Online learning caucus coming to Congress


Members of the eLearning caucus have not been announced.

Two members of Congress formed an eLearning caucus last month–a much-needed Capitol Hill forum, educators said, after a recent survey showed Congressional representatives and their staffers lacked a basic understanding of online education.

Rep. Kristi Noem, R-S.D., a conservative House member, and Rep. Jared Polis, D-Colo., among his party’s most liberal members, created the eLearning caucus Oct. 5 to “promote research on successes and failures in eLearning so that federal education funds are used prudently, and to ensure policy is aligned with practice,” according to a “dear colleague” letter written by Noem and Polis.

A poll conducted this year by the Presidents Forum, a group of online colleges that primarily serve adult learners, showed policy makers were unfamiliar with up-to-date web-based learning. Many on Capitol Hill thought distance learning was still conducted primary through correspondence classes, and survey respondents said online programs were only equivalent to classroom learning if a large institution created and administered the curriculum.

“There was very little understanding of the impact of current technology,” said Paul Shiffman, executive director of the Presidents Forum. “Both staff and [Congressional] members come from a place and time identified primarily with traditional education. They have not been in contact with most recent methodologies … so there’s a void of knowledge there.”

The corridors of power in Washington, D.C. aren’t exactly teeming with online college graduates, said Russell Poulin, deputy director of WICHE Cooperative for Educational Technologies (WCET).

“Start going down the type of folks who end up being staffers on the Hill, and a lot of them have gone to private institutions or large public universities that have been slower to pick up on online education,” he said. “It’s hard to fault these people, because it’s just not in their background. It’s human nature not to be aware of something that has never been in your experience.”

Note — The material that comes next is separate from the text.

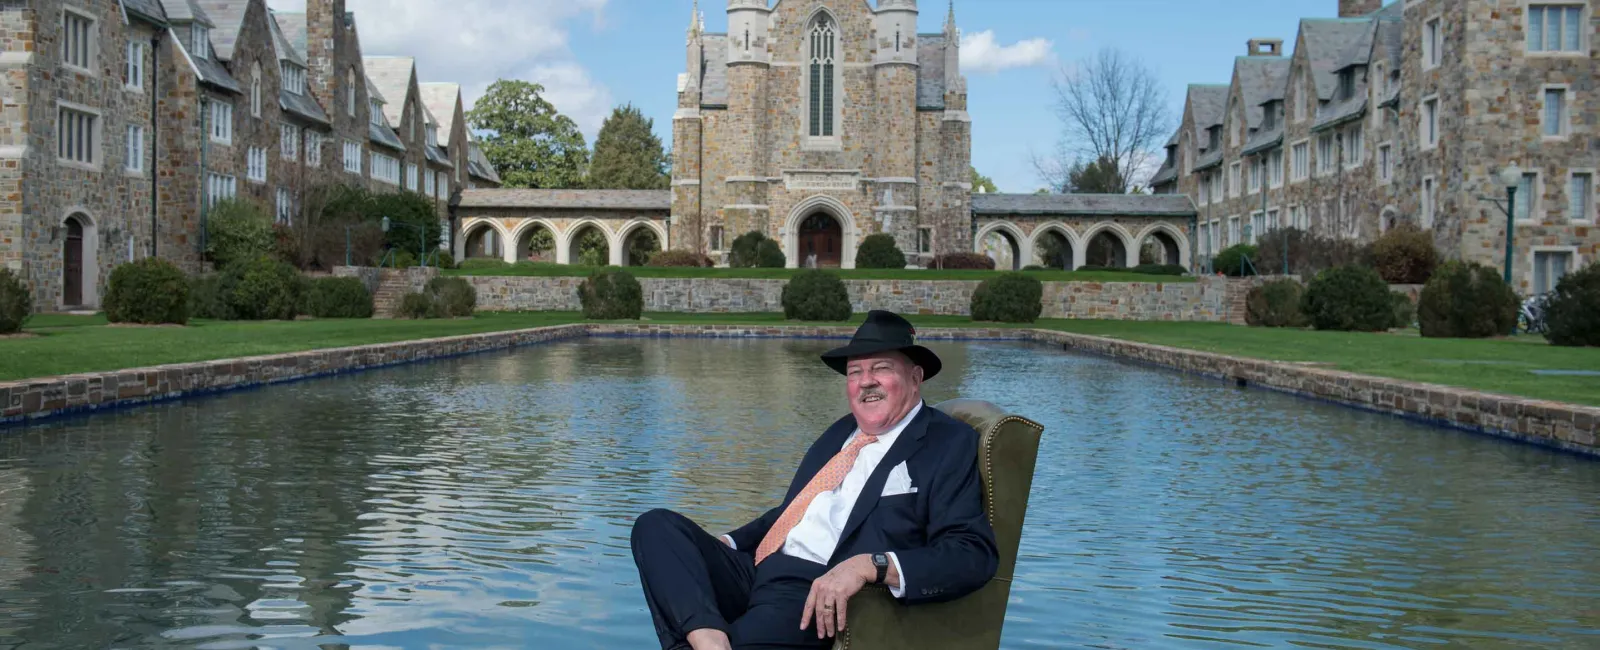 Berry alumnus sits in a chair in the reflecting pool in front of the Ford Buildings

Congressional caucuses are often formed to provide a public forum on policy issues and a chance for legislators to collect and analyze pertinent information before the issue comes to the full Congress.

Caucuses often tackle narrow issues. The Caucus for Competitiveness in Entertainment Technology, created in February and nicknamed the “video game” caucus, explores the impact of games in education.

Educational technologists familiar with the caucus said caucus membership hasn’t been made public yet, and a spokesman for Polis said that while the caucus hasn’t formally launched, “we’ve drawn a great deal of interest” from legislators.

Chris Fitzgerald, the Polis spokesman, said the caucus’s objectives would “depend on the priorities of the membership,” but could include funding issues, access to online classes, blended learning, and credit recovery for web-based students.

In their invitation for Congressional members to join the eLearning caucus, Polis and Noem cite a series of statistics that could offer a preview of what the lawmakers will focus on in the coming year.

More than 5.6 million college students–or 30 percent of all U.S. college students–took at  least one online course in 2009. Four million K-12 students took some form of online course in 2009, up from 45,000 during the 2000 school year. Women, according to the “dear colleague” letter, “disproportionately take postsecondary eLearning courses.”

The eLearning caucus, for example, could examine efficient online teaching strategies that prove successful at a few colleges and universities, and scale those approaches to a national level, said Shiffman, who also serves as vice president for government relations at Excelsior College, an online school based in New York.

“It would benefit institutions, as well as the country, if policy makers had a resource where they could learn more about technology-based learning,” he said. “Right now, policy makers don’t have a full view of what the technology has enabled for learning purposes.”

Dietram Scheufele, a University of Wisconsin communications professor who tracks public opinion and emerging technologies, said Congressional groups like the eLearning caucus are where policy issues are tackled before monied interests and “hyper partisanship” play a major role.

“They help form a comprehensive picture before the whole lobbying machine starts ramping up, and [lawmakers] can have a good understanding and can decipher good information from bad information,” Scheufele said. “A lot of these caucuses are trying to pick up these issues early in the cycle. … Caucuses have traditionally provided a way of providing detailed discussion instead of just opening this up to a lobbying battle in D.C.”

Ed-tech advocates familiar with the eLearning caucus did not expect for-profit colleges–many with large online programs and teams of Washington lobbyists–to have undue influence on caucus members.

“One can’t deny that the for-profit sector has invested greatly in distance learning, but one can argue that’s because there was a tremendous need,” Shiffman said, adding that for-profit schools could see the eLearning caucus as a chance to heal their battered public image. “The idea that this could be a vehicle for the for-profit sector doesn’t seem founded on anything. In the marketplace now, there are many for-profit colleges that will be interested in bettering their image through this [caucus].”

eLearning caucus members will likely invite input from every sector of higher education–from private to public to for-profit, Scheufele said.

“The idea of providing online education is one that many schools have picked up on,” he said. “This is a chance for everyone to come to the table and talk.”